*** Opening of Data provided ***

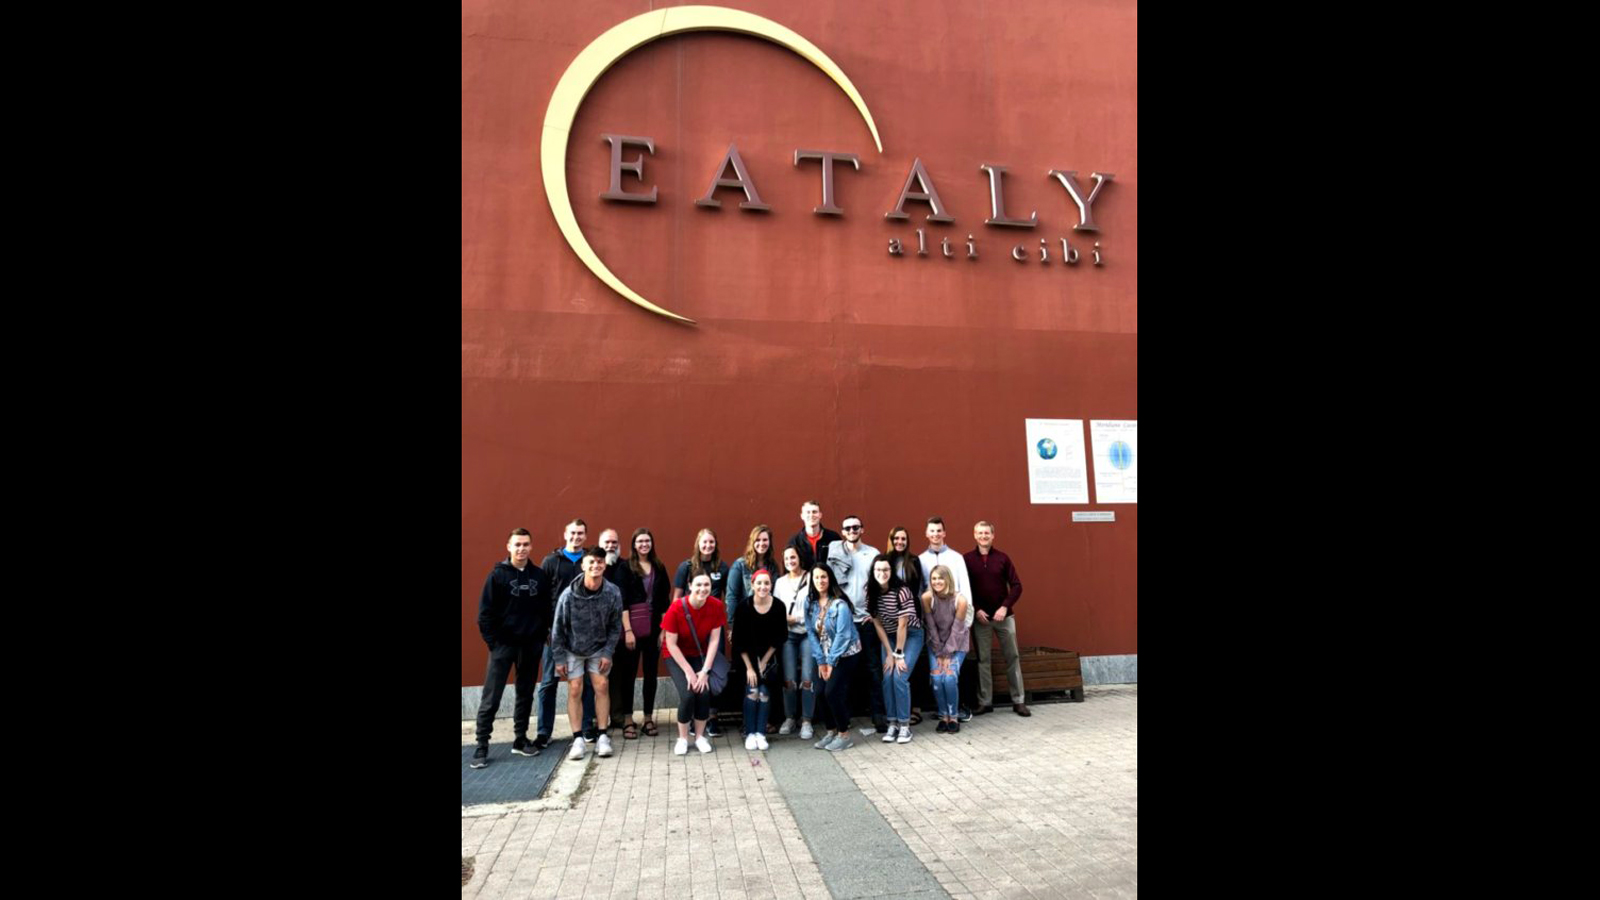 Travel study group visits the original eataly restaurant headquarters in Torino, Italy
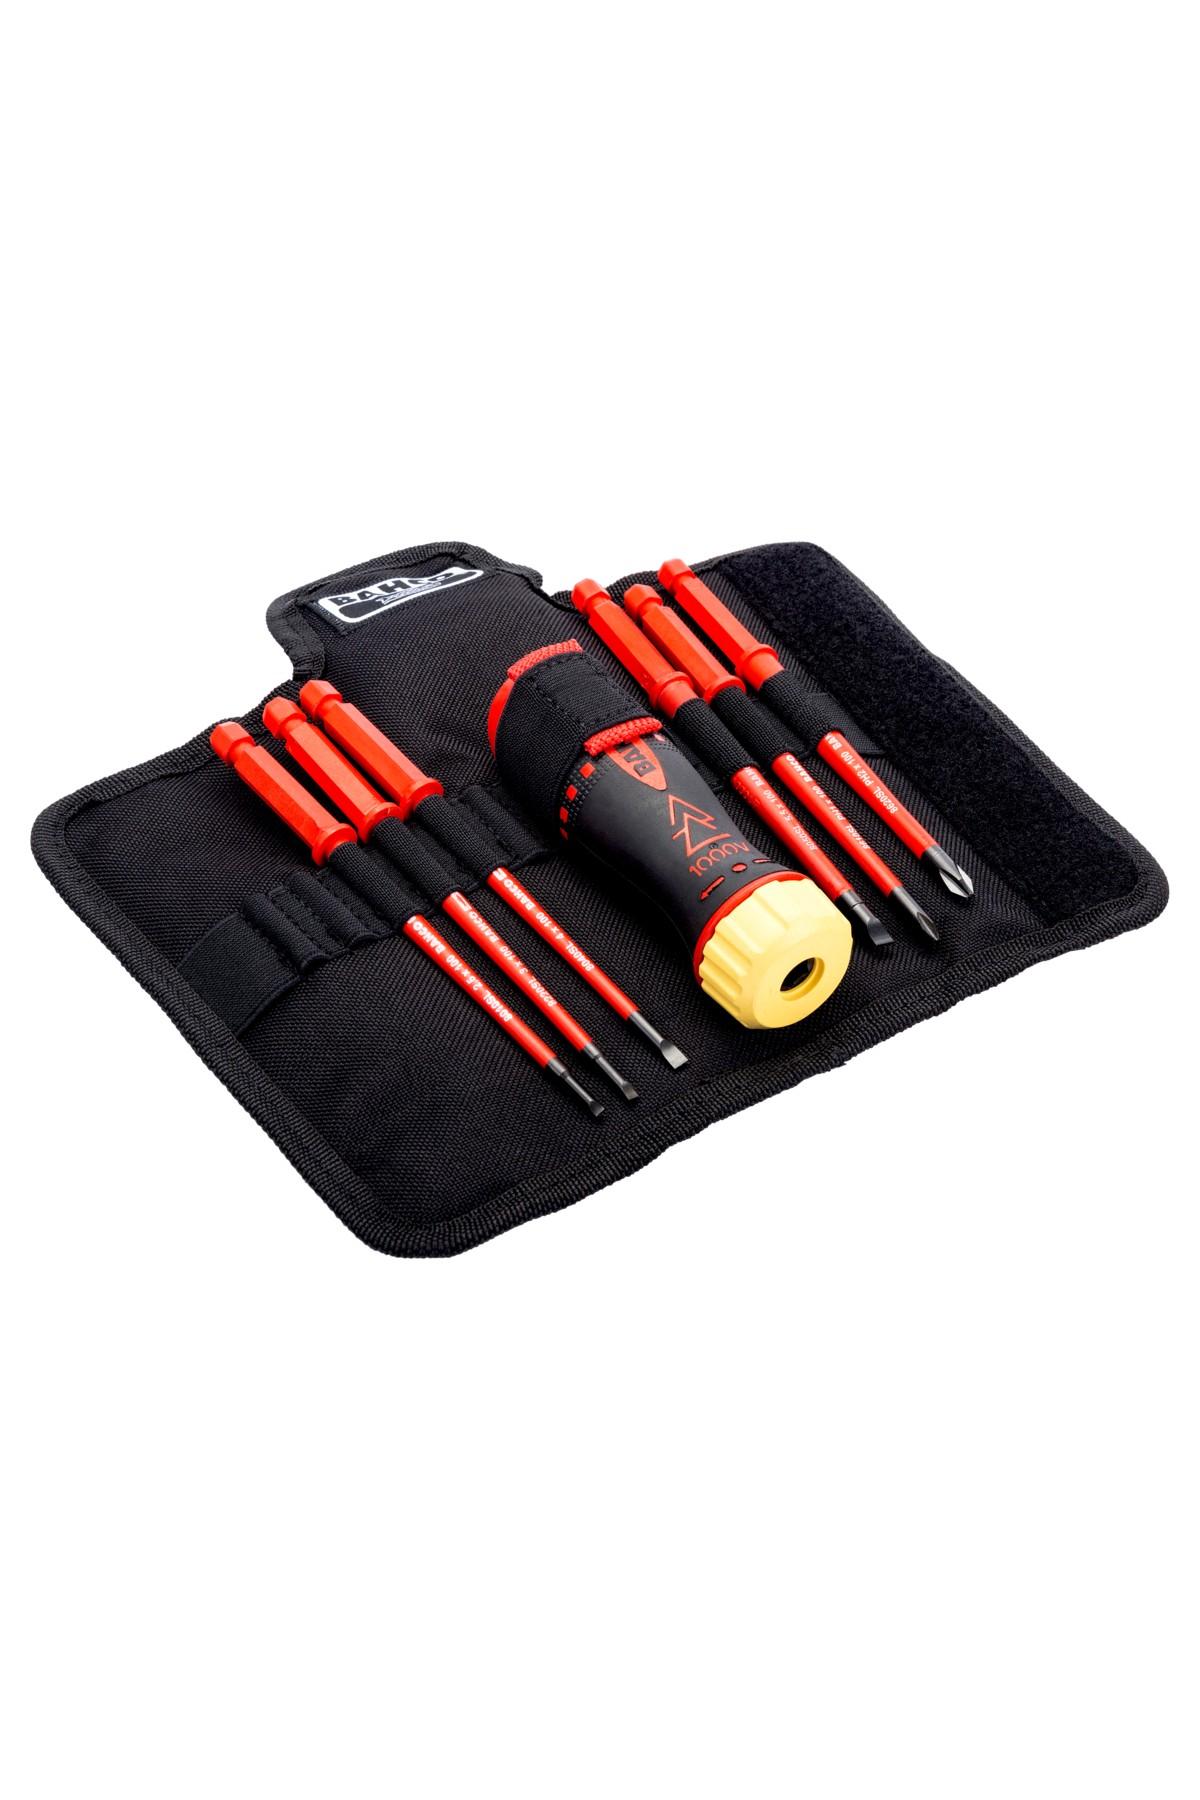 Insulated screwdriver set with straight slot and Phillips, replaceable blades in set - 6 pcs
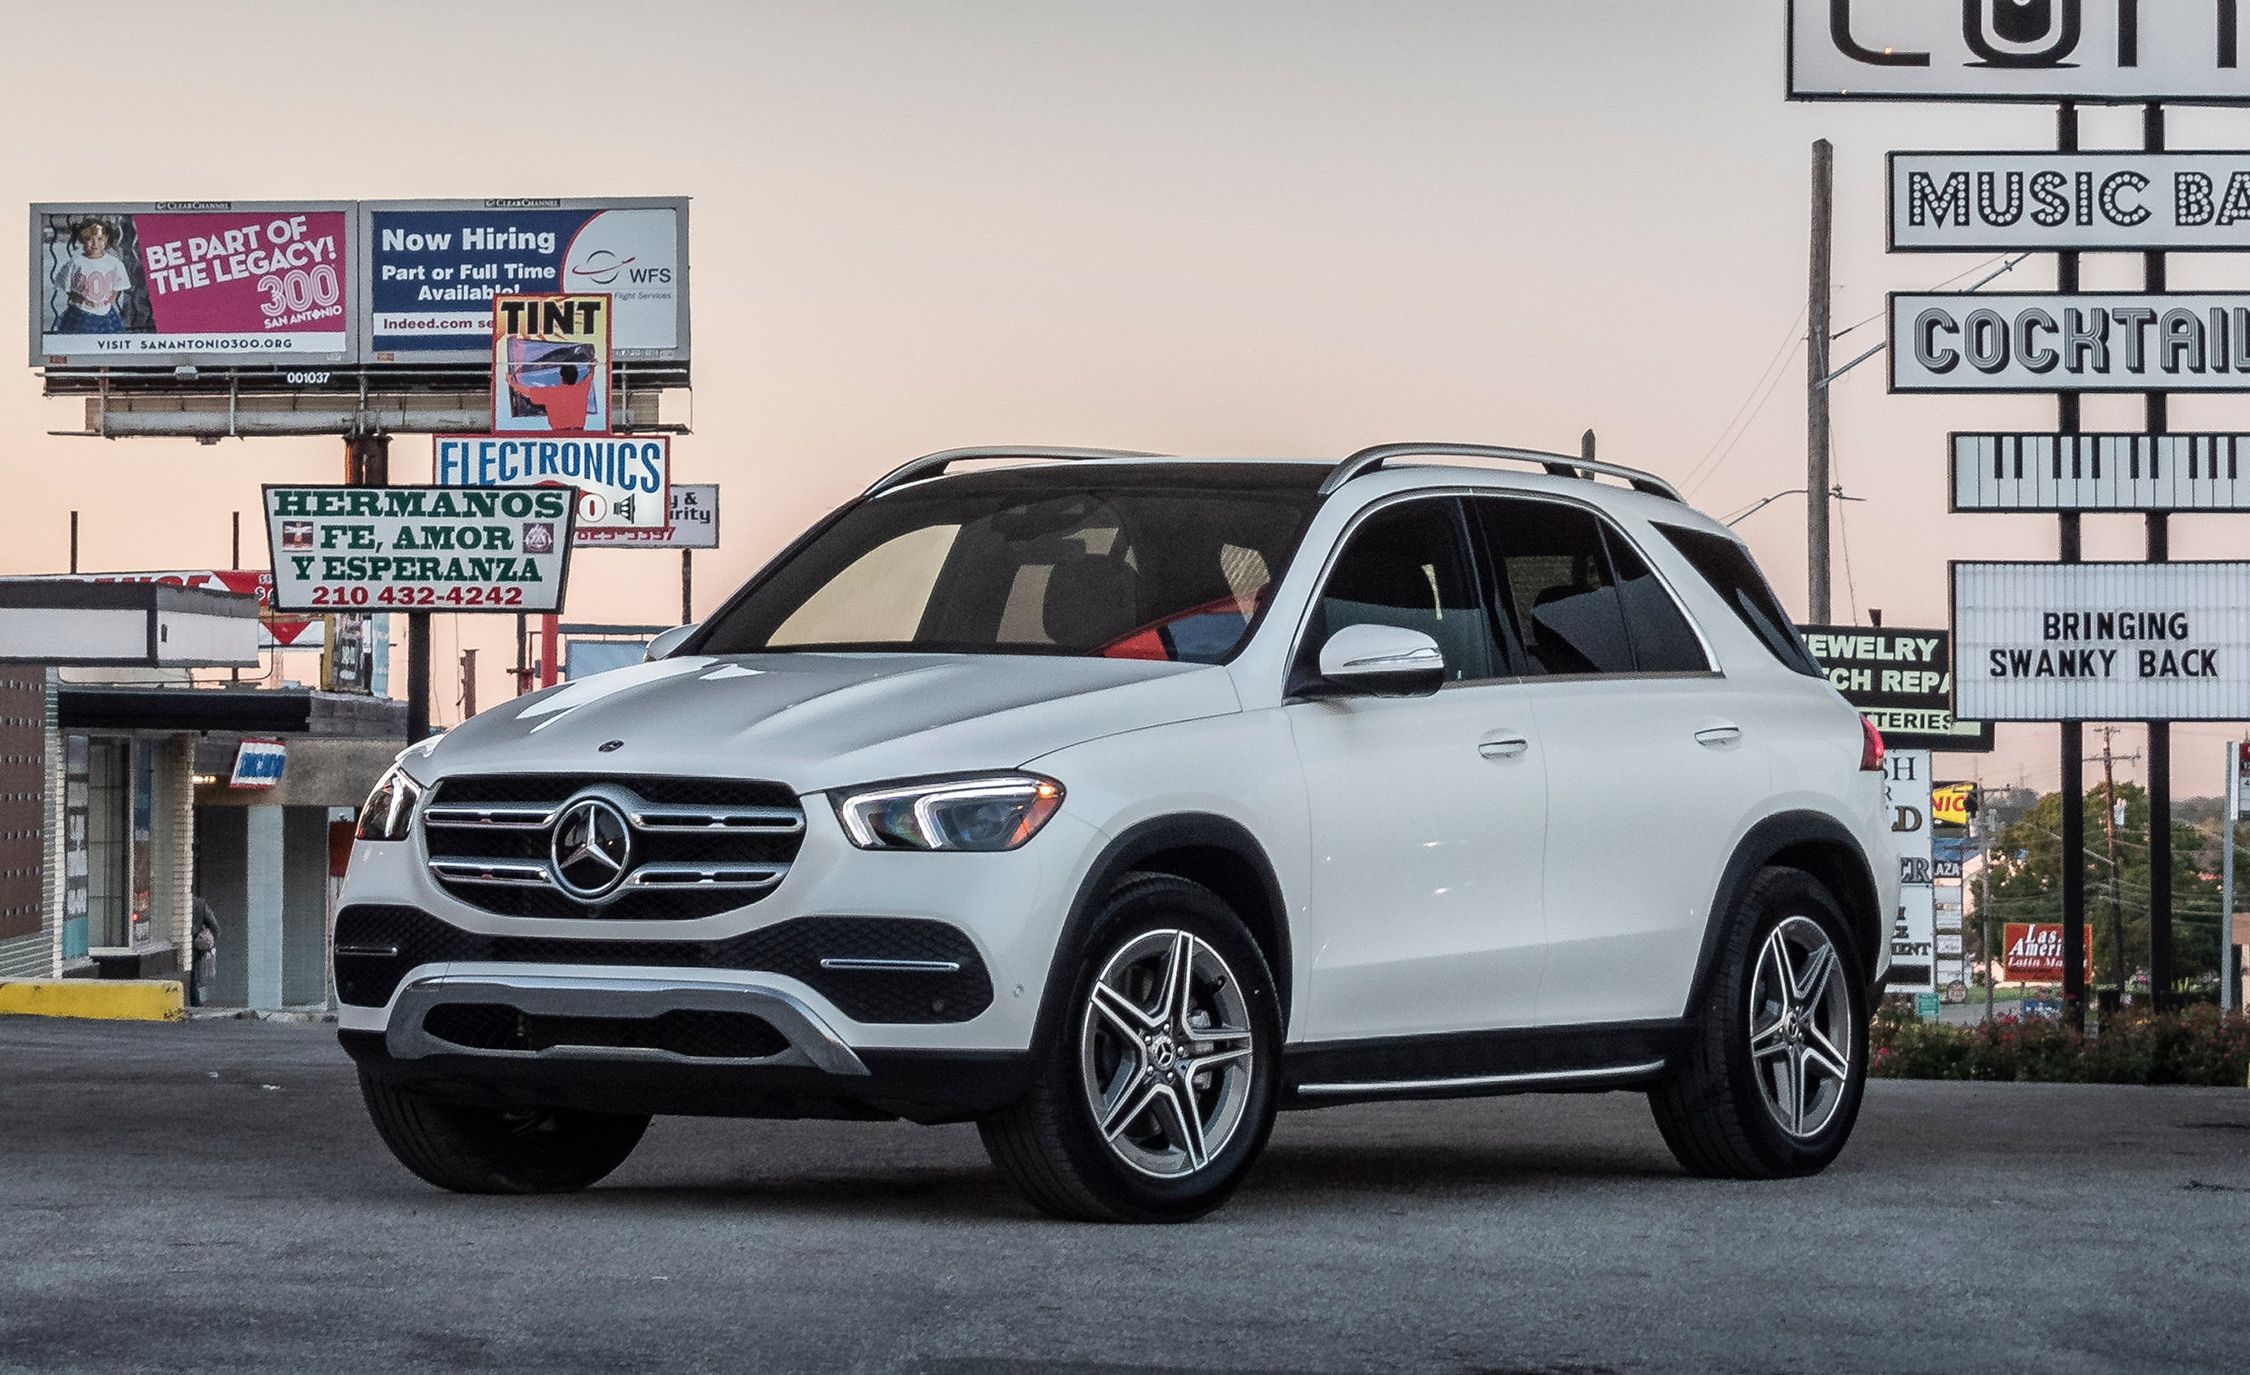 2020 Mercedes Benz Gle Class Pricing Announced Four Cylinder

*** Close of Data provided ***

Copy the data word for word, no pictures.

 Travel study group visits the original eataly restaurant headquarters in Torino, Italy
 Insulated screwdriver set with straight slot and Phillips, replaceable blades in set - 6 pcs
 2020 Mercedes Benz Gle Class Pricing Announced Four Cylinder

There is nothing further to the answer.